Когда мы, постучавшись, вошли и Фраерман с присущей ему страстью старого служаки, а я вслед за ним представились и командир сказал: «Заходите, товарищи!», комиссар остановил вертевшийся диск патефона, и музыка прекратилась. Еще мы заметили коробку с тортом, перевязанную ленточкой. Эти символы прошлой жизни, перенесенные в командирский блиндаж, свидетельствовали, что в жизни фронтовиков не одни лишь опасности и печали.
Наличие нераскрытой коробки с тортом несколько связывало хозяев блиндажа, и командир предложил нам перейти с ним в его служебное помещение.
Там мы поговорили всласть: вдохнули в себя глотки озонирующей уверенности, что не за горами если не победа, то поворот в ходе войны. Командир и комиссар, оба Герои Советского Союза, были убеждены, что невзгоды первых месяцев есть всего лишь случайность: вот начнутся морозы, и немец тогда почувствует, что значит воевать с русскими.
Позже, поручив нас связному, командир посоветовал нам встретиться с экипажами и побеседовать с летчиками. Кое-что, услышанное нами в блиндаже, прозвучало не только обнадеживающе, но-и неожиданно.

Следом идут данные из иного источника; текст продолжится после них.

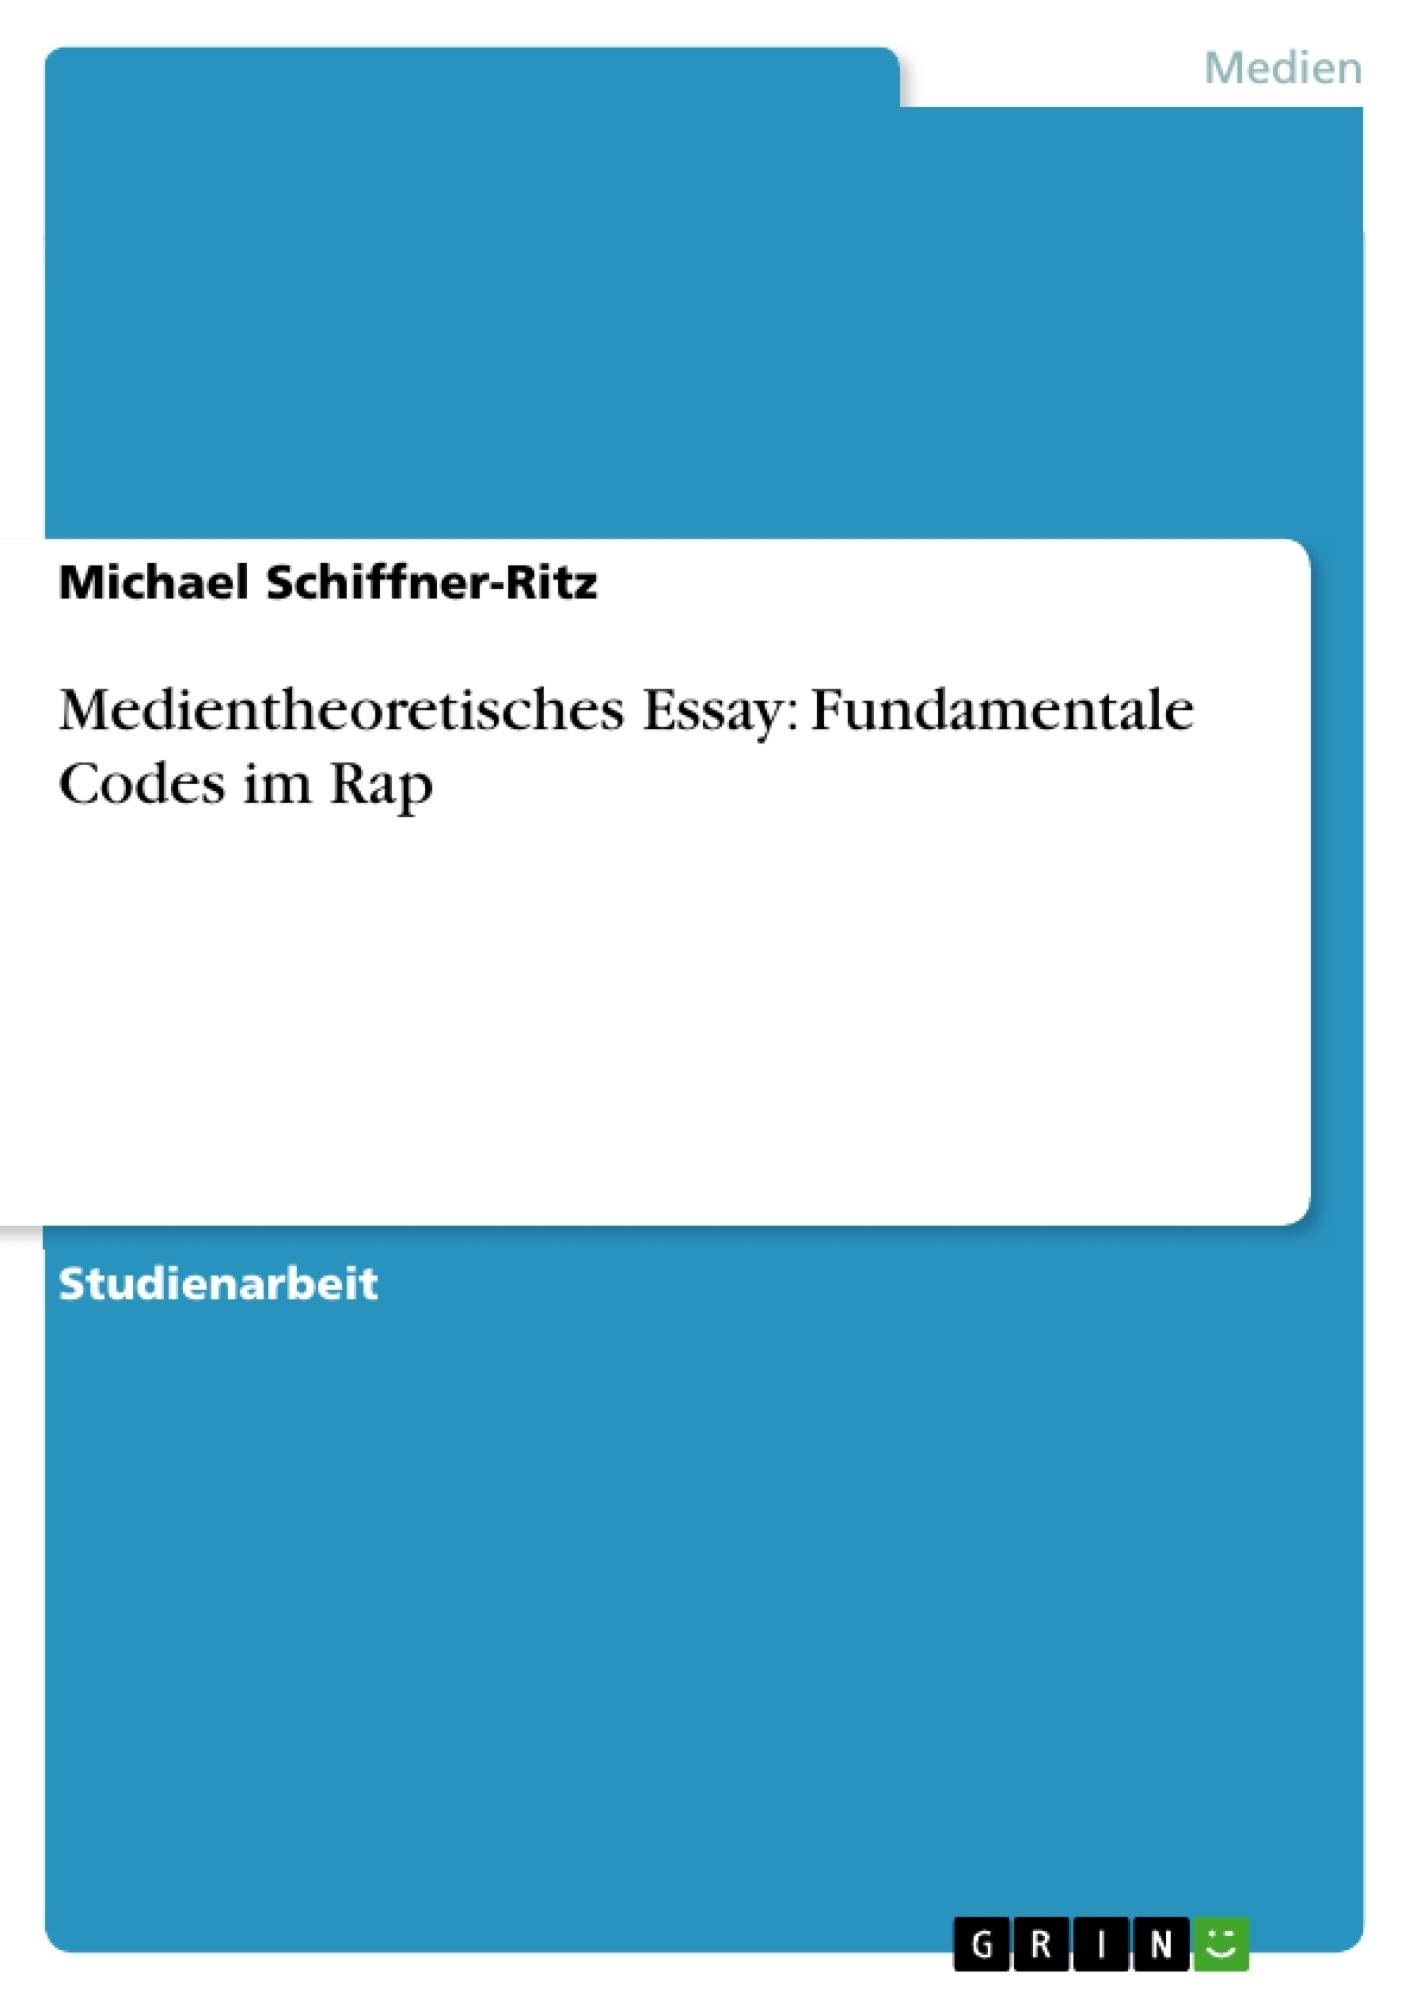 Titel: Medientheoretisches Essay: Fundamentale Codes im Rap

К примеру, бомбы, которые немцы сбрасывали на аэродром, взрывались далеко не все: начинка была не та, рабочие фашистской Германии хотя бы частично сохраняли верность интернациональному долгу. А земля на летном поле настолько промерзла, что случалось, ударившись об нее, бомбы подскакивали, подобно мячам, но не взрывались.
Когда мы шли, пересекая летное поле, на аэродром налетело три самолета. Связной лейтенант и сопровождавший нас капитан побежали в сторону, крикнув, чтобы и мы бежали. До некоторой степени они были в ответе за приехавших корреспондентов. Все успели перемахнуть через колючую проволоку, опоясывавшую поле, а я замешкался, потом зацепился за проволоку, колючки ее впились в мою и без того неказистую шинель. В этот момент как раз и налетел на меня самолет.
Фашизм он ненавидел всем своим существом. На коротком привале, лежа на траве, а позже где-нибудь в хате, он размышлял вслух о мифических двухстах танках, которые союзники наши обязаны перебросить немедля в Бретань, чтобы этим пластырем оттянуть хотя бы малую часть навалившихся на Россию вражеских сил.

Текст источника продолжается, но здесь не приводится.